In Katrina's wake, rows have broken out about the very unconservative increase in public spending and the cronyism of Mr Bush's appointments. Meanwhile, a party which came to power by running against the sleaziness of Washington, DC, has got engulfed in corruption scandals of its own. First the White House's top procurement official was indicted. Then the Securities & Exchange Commission announced an investigation into share dealing by Bill Frist, the Senate majority leader. Now—and most seriously—the House majority leader, Tom DeLay, has been indicted in a Texan corruption probe. The Hammer has been forced to step down “temporarily”.

Cronyism?
Sleazy?
Corrupt?

Indicted?
It is easy to exaggerate the nature of the “conservative crack-up”. Some of the blame for post-Katrina incompetence belongs to local Democrat officials in Louisiana, and Mr Bush did a better job of handling Rita. Mr DeLay says the investigation into his affairs (run by pretty much the last Democrat in Texas) is politically motivated.
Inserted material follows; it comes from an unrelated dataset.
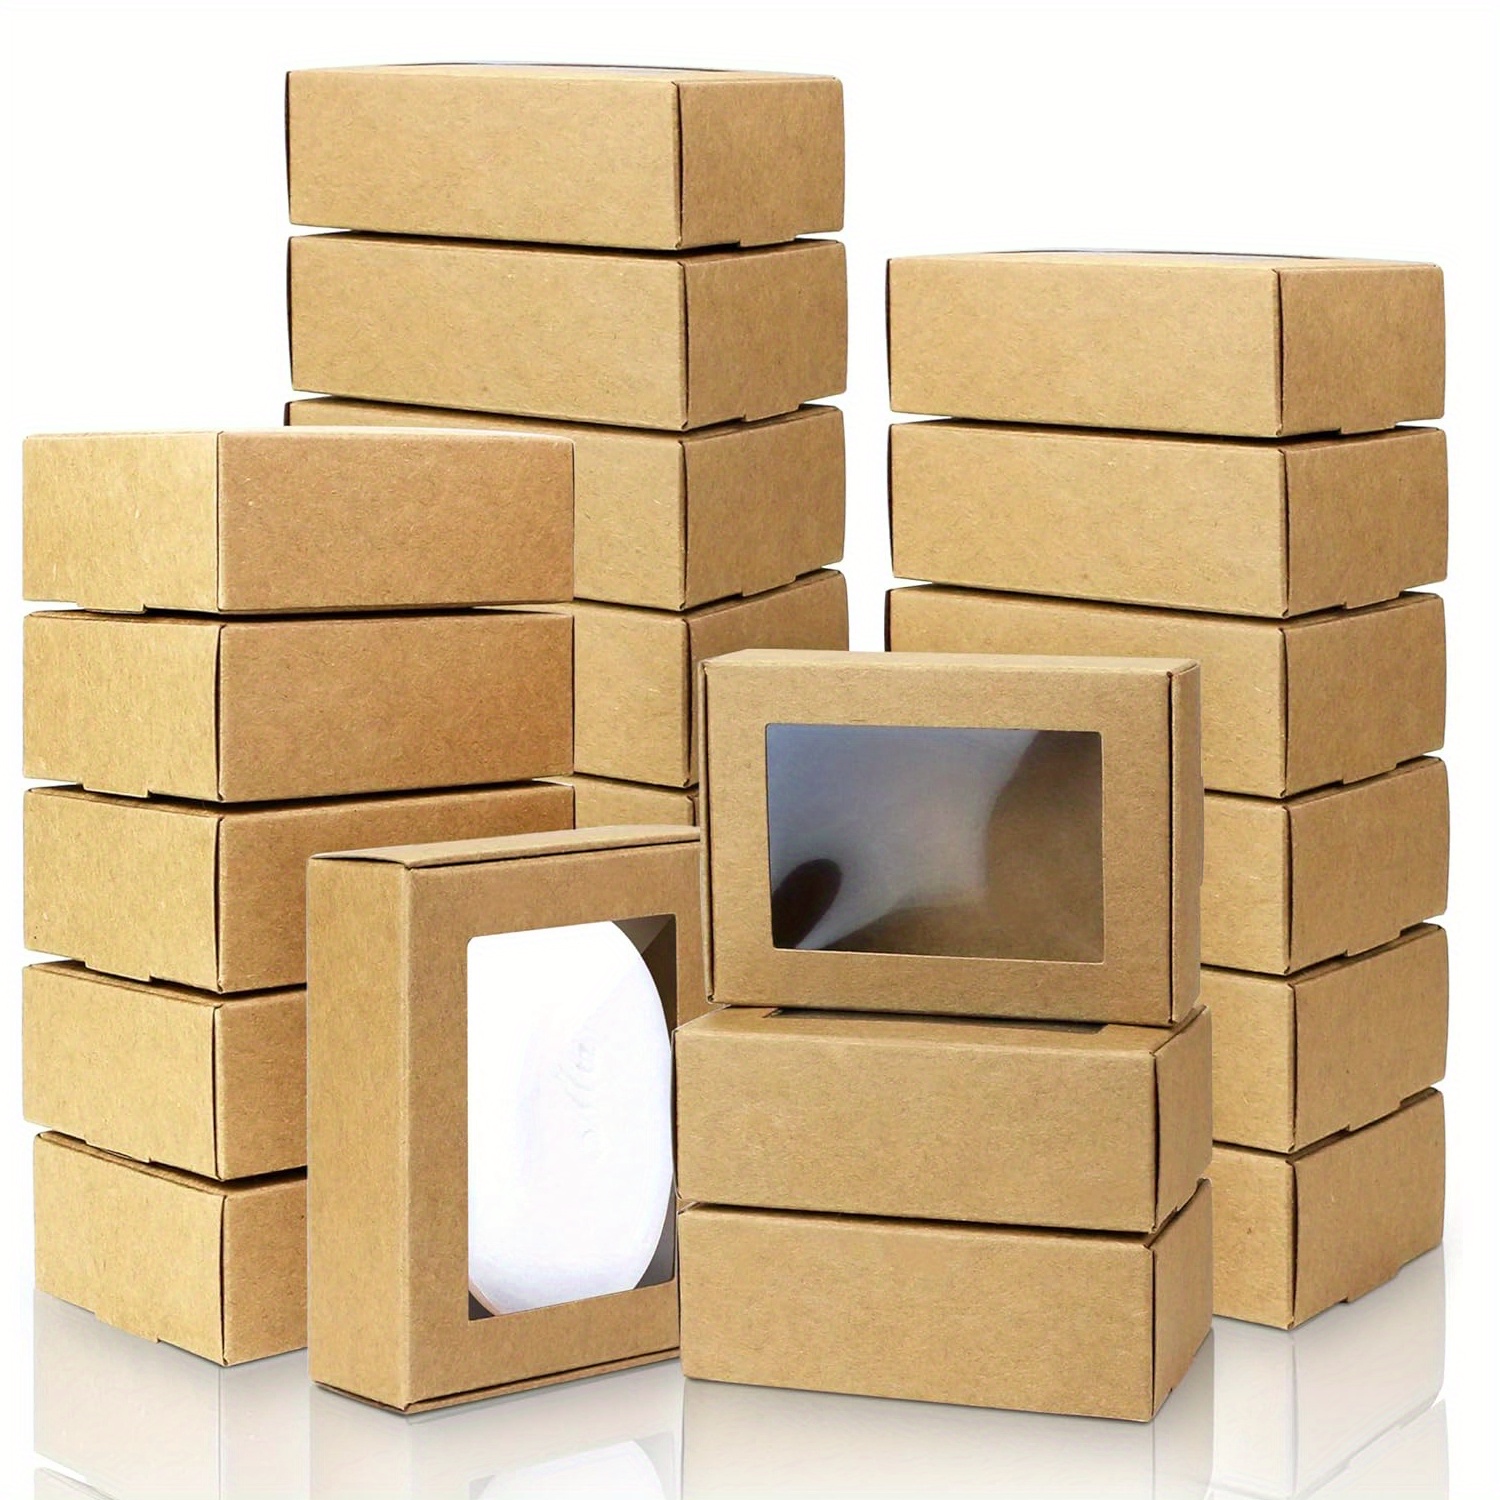 Golden State Art 9x6x4 Inches White Shipping Boxes 28 Pack, Corrugated  Cardboard Box for Small Business Mailing Shipping and Storage 
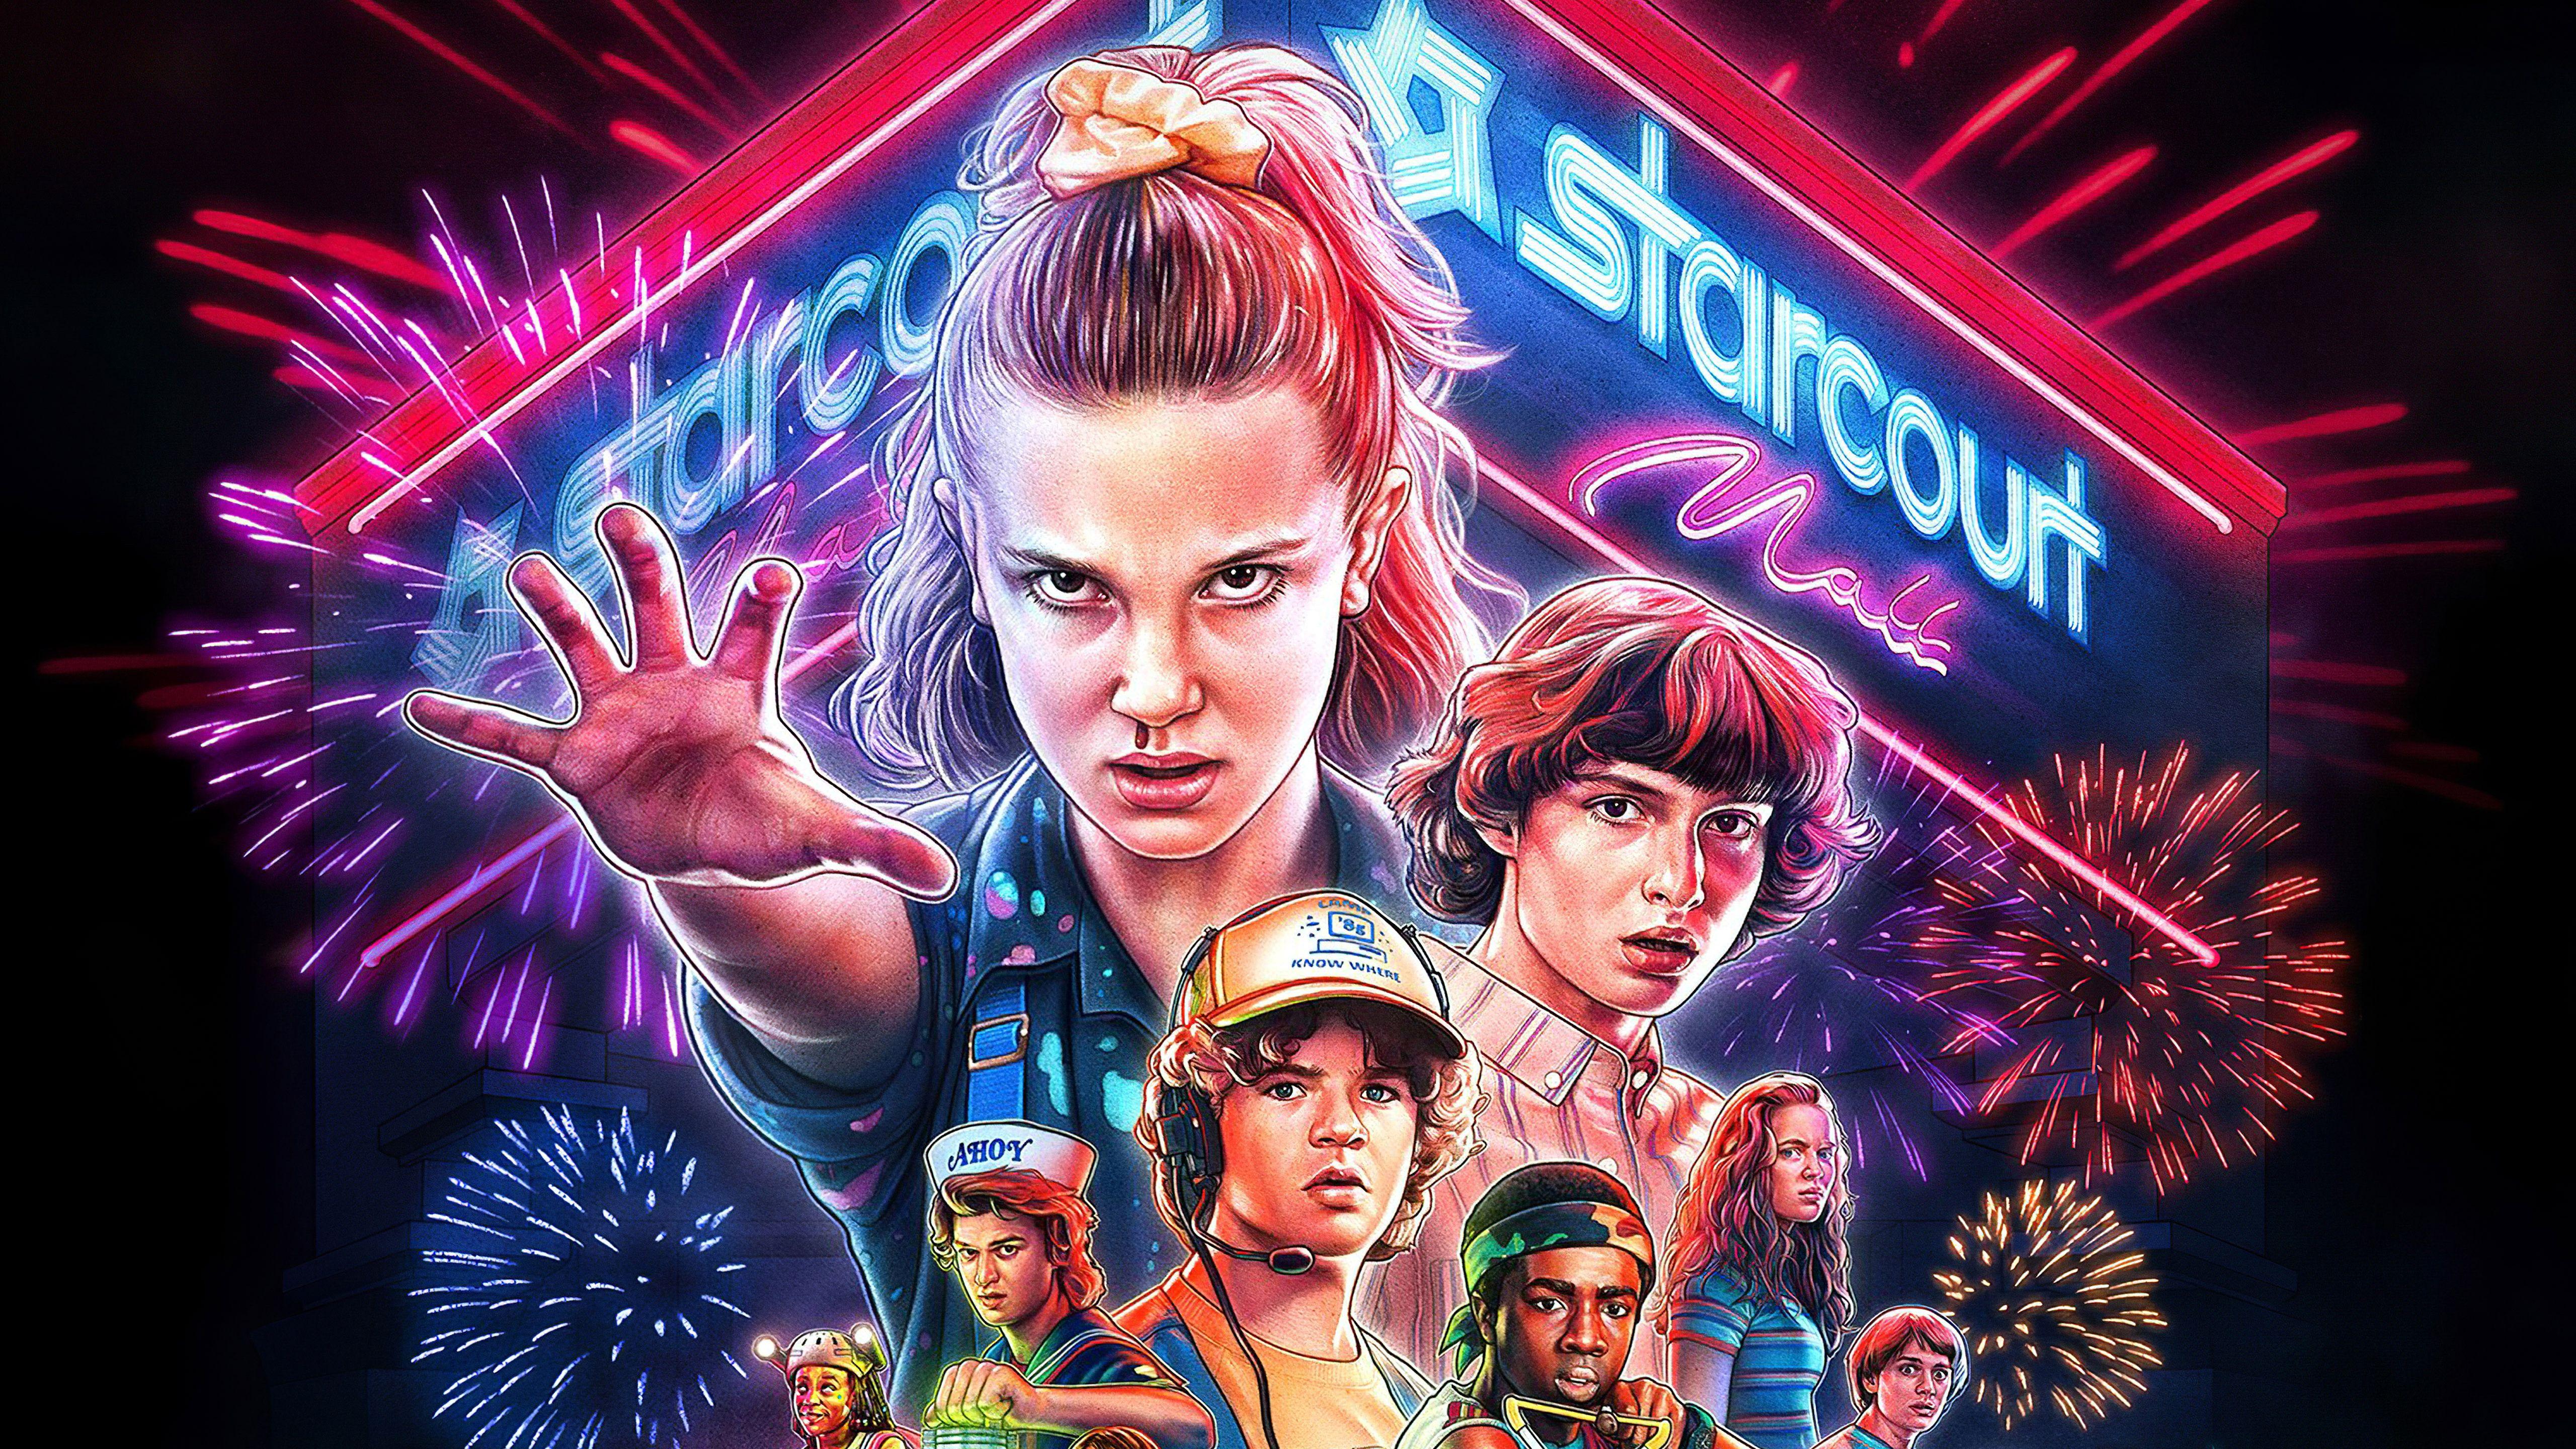 Stranger Things Cast Wallpapers - Top Free Stranger Things Cast

Mr Frist seems to have an innocent explanation for his share sale. Bits of the conservative machine continue to grind forward: as The Economist went to press, it looked likely that John Roberts would be confirmed as chief justice of the United States. It would be foolish to bet on the chaotic Democrats winning back Congress next year: in the Senate, they are defending more seats, and in the House, gerrymandering makes most incumbents very difficult to shift.

Cracked up?
Politically motivated?
Cronyism?
Bad choices?

There is plainly more going on than just one bad month. Mr Bush's domestic programme—notably his plan to overhaul Social Security—lies in tatters; and his attention must have drifted from matters overseas. More importantly, the current crisis points to deeper difficulties, to do with competence, cronyism and the contradictory nature of “big government conservatism”. It is not too late for Mr Bush to deal with these things; but he must do so brutally and quickly—and not just for his party's sake. It is not in anybody's interest—even those now smug Europeans who loathe Mr Bush's America—for Mr Bush to become a lame-duck president consumed by domestic woe.

Domestic policy in tatters?
Attention drifted?
Incompetent?
Contradictory?
Consumed by domestic woe?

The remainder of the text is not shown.